Madrid es una ciudad donde un buen día te levantas y te han montado un Uniqlo en la cama. La espiral de aperturas y cierres de locales de moda ha alcanzado un punto de centrifugado en el que, para cuando llegas a la inauguración, el garito ya está en traspaso.
Yo, que siempre he trazado mi mapa mental de la ciudad en base a la continuidad de los escaparates (todo el mundo sabe que Atocha comienza con un McDonald’s y Fuencarral termina con un VIPS), ahora tengo que pararme en cada esquina y mirar hacia arriba para saber en qué calle estoy. Supongo que por eso me sorprendió que la cita fuera en un lugar que estaba convencida de que había cerrado hace tiempo.

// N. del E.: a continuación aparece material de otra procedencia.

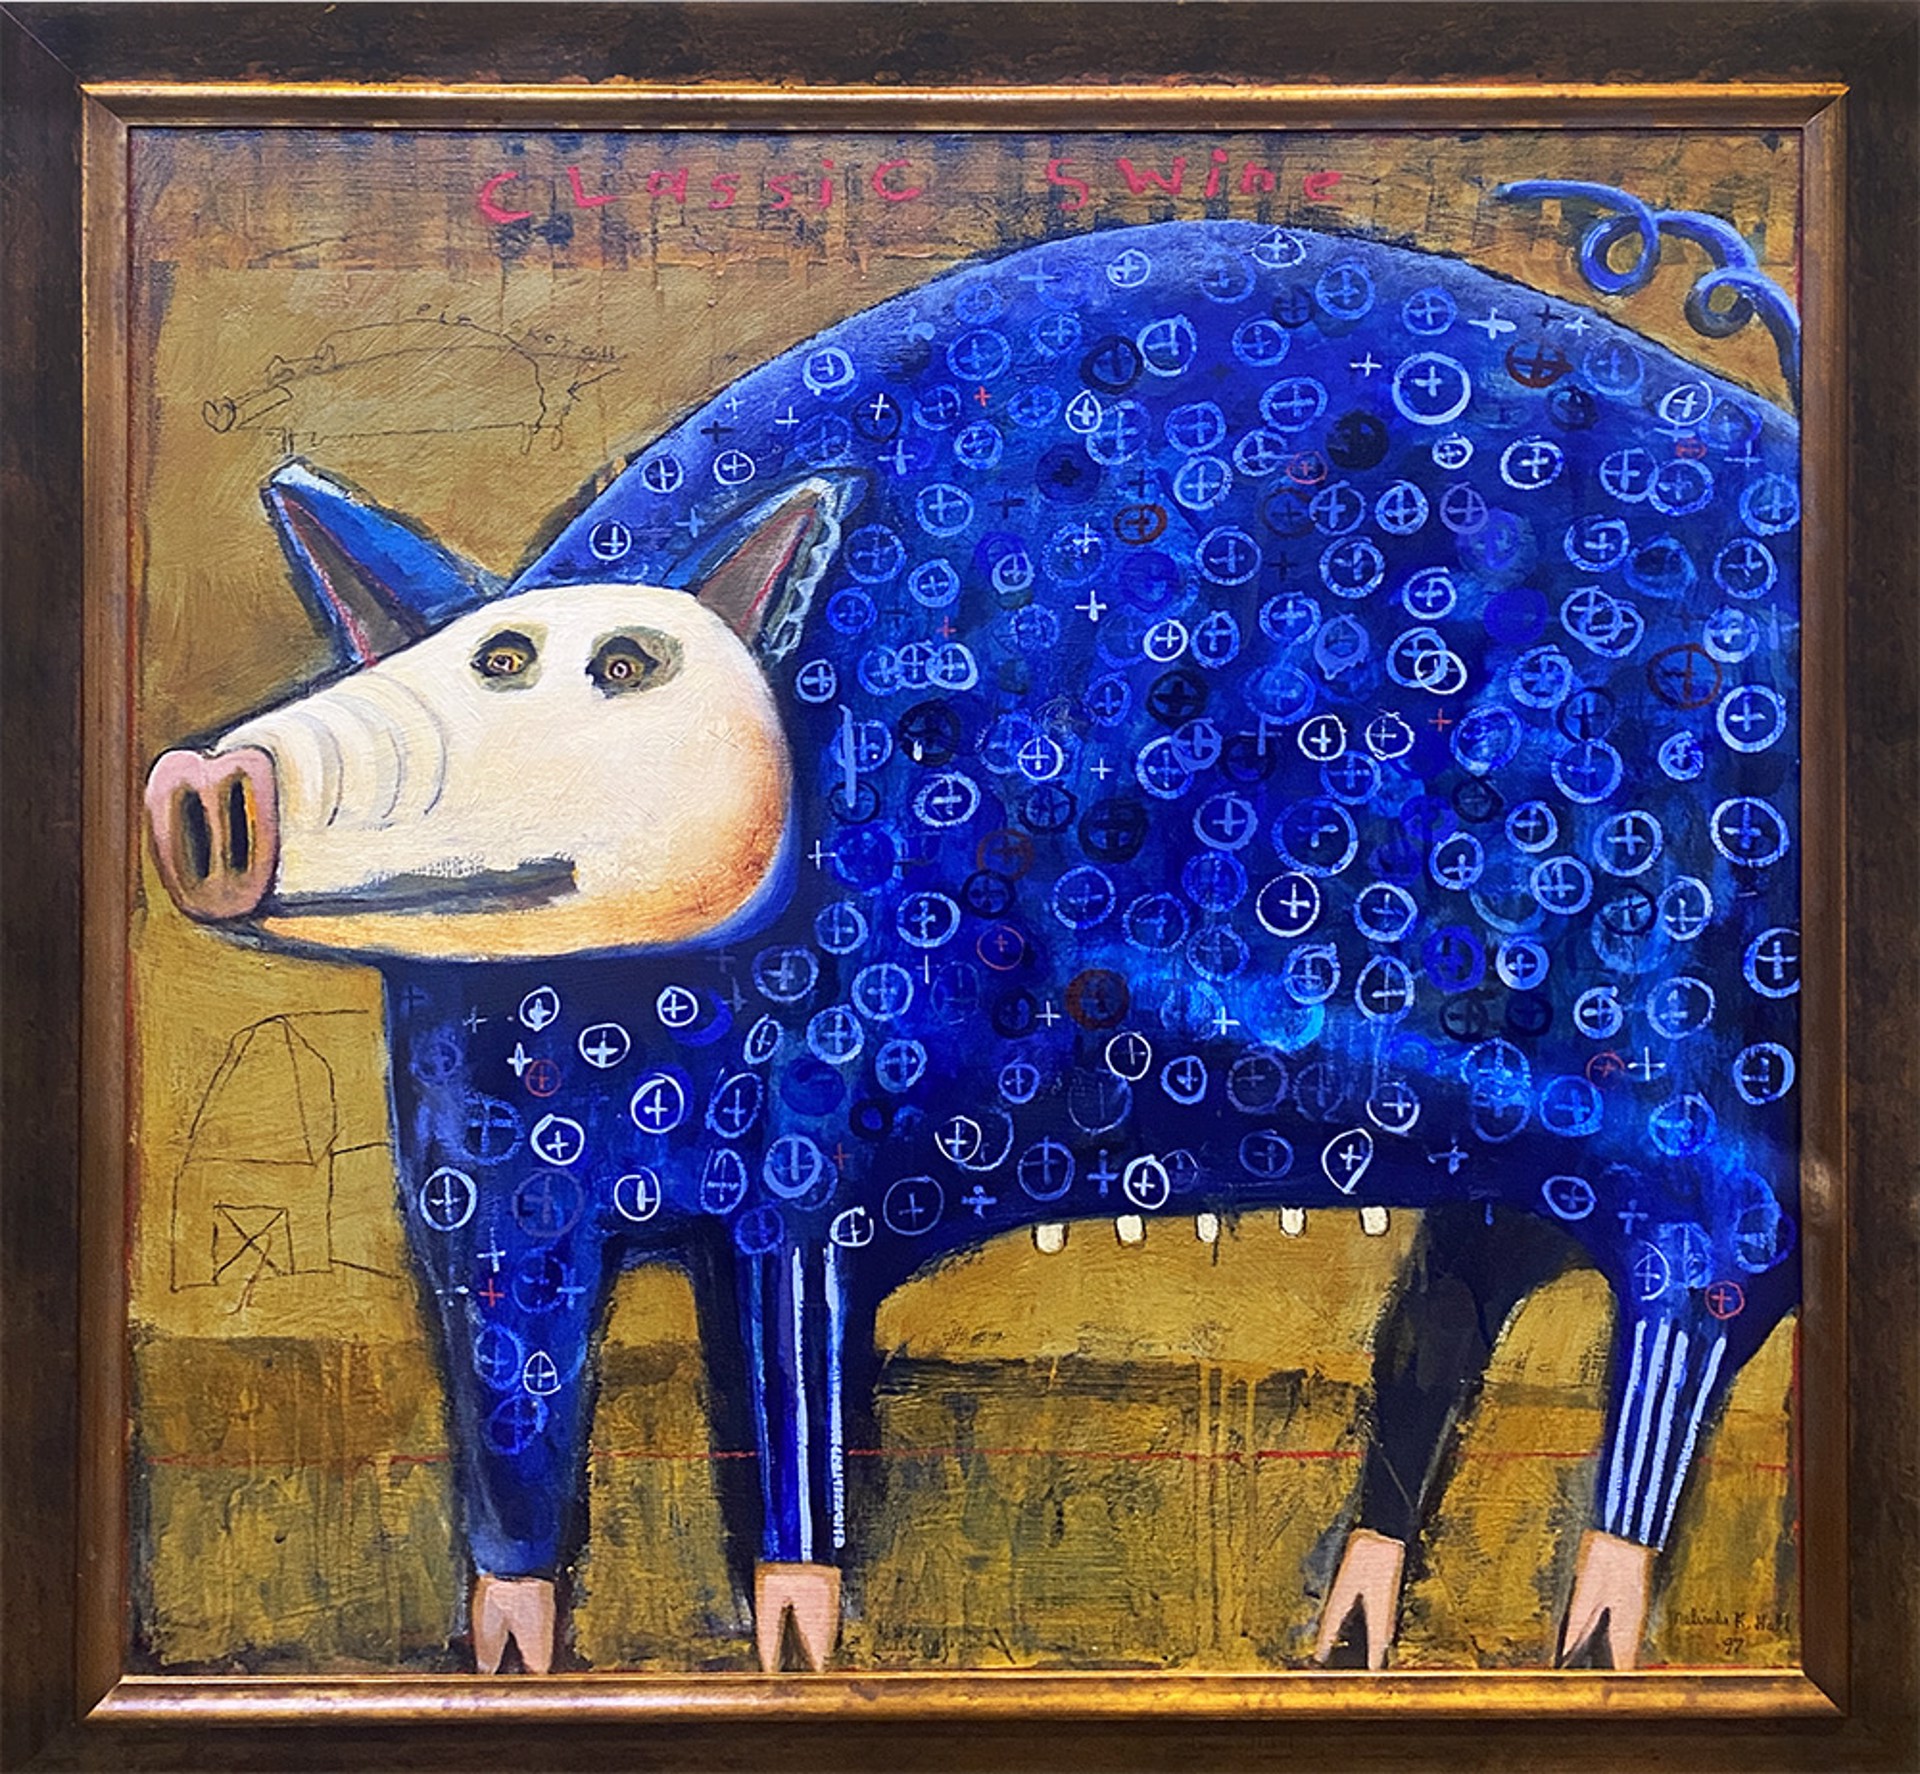 Classic Swine by Melinda Hall

Ocurrió una tarde de invierno. No sabría decir exactamente cuándo, así que puede ser que todavía no haya sucedido. En cuanto a los hechos, sé que solo los recordé al llegar a casa, por lo que no podría garantizar su fiabilidad más de lo que puedo fiarme de mi memoria, que acaso es lo único que existe.
Todo el mundo sabe que Atocha comienza con un McDonald’s y Fuencarral termina con un VIPS
Se llamaba Inma. Inma y un apellido poco común. Benedito, Benedetto, algo así, como de falsificación italiana o de Papa muerto. Cuando hicimos match no le di mucha importancia a la coincidencia en el nombre. Tener una cita Tinder con alguien que se llama igual que tú puede resultar siniestro, pero más siniestro es que unos padres decidan llamar a su hija Inmaculada Concepción. Tampoco reparé en la expresión familiar del selfie en el espejo, ni en la edición de Bruguera que sostenía con la prosa completa de Jorge Luis Borges, volumen dos. La misma que yo había perdido algunos años antes durante una mudanza.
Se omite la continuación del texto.